In Kilgore vs. Magee, 85 Pa. St. 412, the following language is used by the Court: “But when a law has been passed and approved and certified, in due form, it is no part of the duty of the judiciary to go between the law as duly certified to inquire into the observance of forms in its passage. The presumption applies to the act of passing the' law that applies generally to the proceedings of any body whose sole duty is to deal with the subject. The presumption in favor of regularity is essential to the peace and order of the State. If every law could be contested in the Courts on the ground of informality in its enactment, the floodgate of litigation would be opened so widely society would be deluged in the flow.”
In Railway Co. vs.
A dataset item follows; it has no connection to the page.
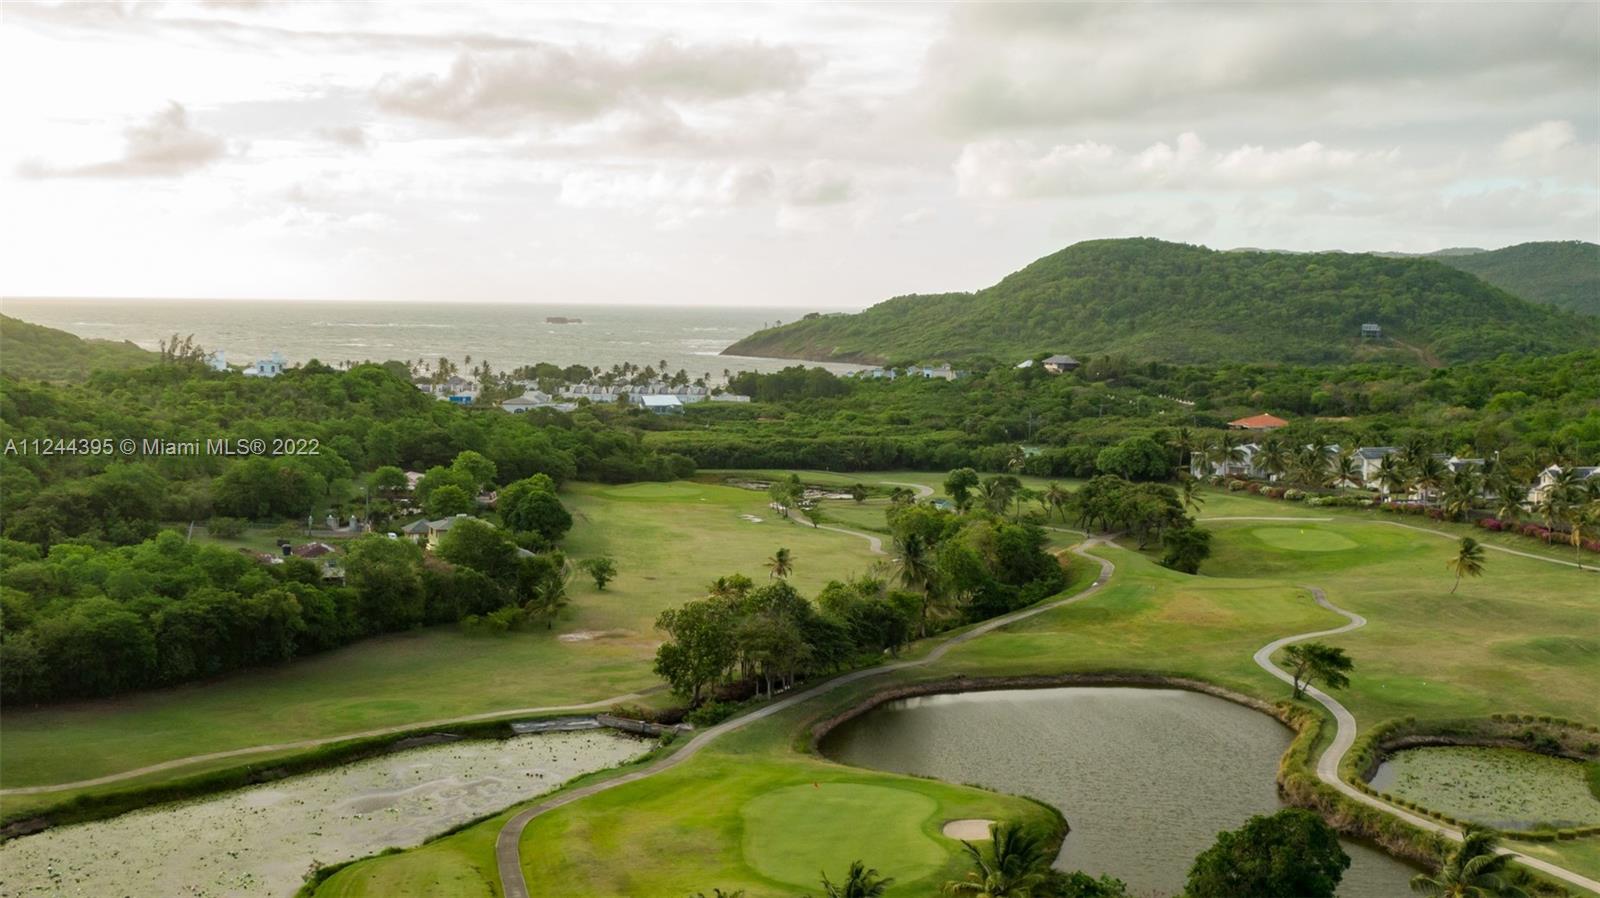 The St. Lucia Golf & Country Club - a Greg Norman-designed 18-hole course - is only minutes away.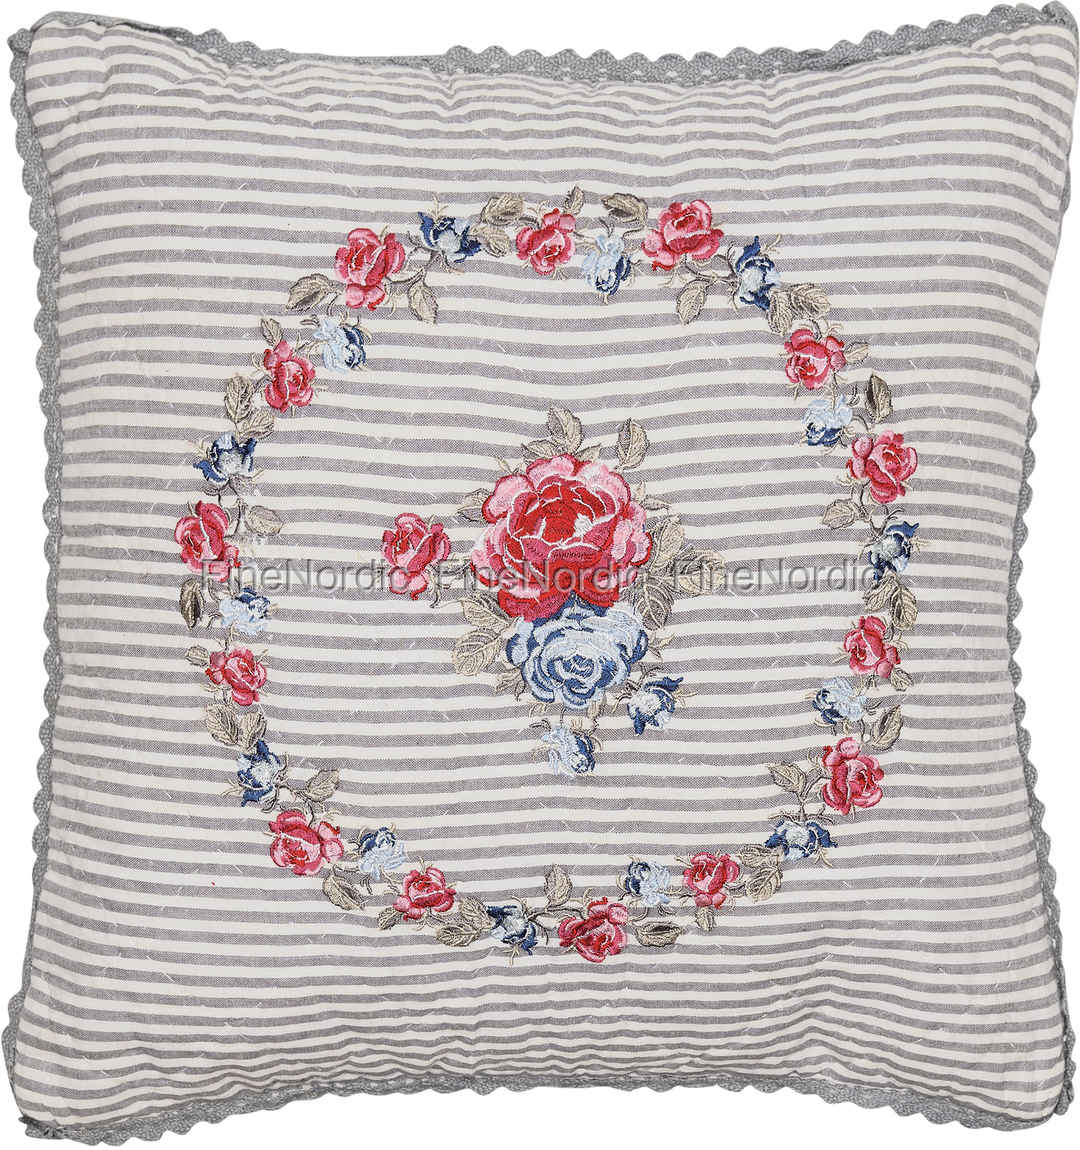 Cushion Cover Embroidery Patterns Greengate Cushion Cover Hailey White With Embroidery 40 X 40 Cm

Gill, Ark. 105, the Court stating, “ft was alleged that the Act of April 4th, 1887, entitled An Act to regulate the rates to be charged by railroads for the carriage of passengers was not passed by the several houses of the General Assembly in accordance with their joint rules,” says, “The joint rules of the General Assembly were creatures of its own, to be maintained and enforced, rescinded, suspended or amended as it might deem proper. Their observance was a matter entirely subject to legislative control and discretion and not subject to be reviewed by the Courts.”
In McGraw vs. Watson, 69 Iowa 348-350, the Court says, “one position of the plaintiff remains to be considered; it is shown that the City Council of Clinton adopted for its parliamentary governance Robert’s Rules of Order. It is contended that according to one of the rules all unfinished business fell to the ground when the term of service of the outgoing aldermen expired. But if we should concede that the rule in question became applicable, the most that could be said is that the Council violated one of its own rules of procedure ; but if the statute was complied with, as we hold it was, in the passage of the ordinance, we think it was valid.” Not only do these cases, in the absence of any case declaring void an act or an ordinance because in its passage the body enacting it had violated its own rules of procedure, which it had power to make or change at will, seem to me sufficient to establish the rule that where it appears that an act was passed in accordance with constitutional requirements, and an ordinance was passed in accordance with the requirements of the Constitution and laws of the State, the Courts will not inquire whether the two houses or bodies have or have not complied strictly with their own rules in their procedure upon the ordinance, intermediate between its introduction and its final passage, but this rule in my judgment rests upon the soundest principles Of public policy.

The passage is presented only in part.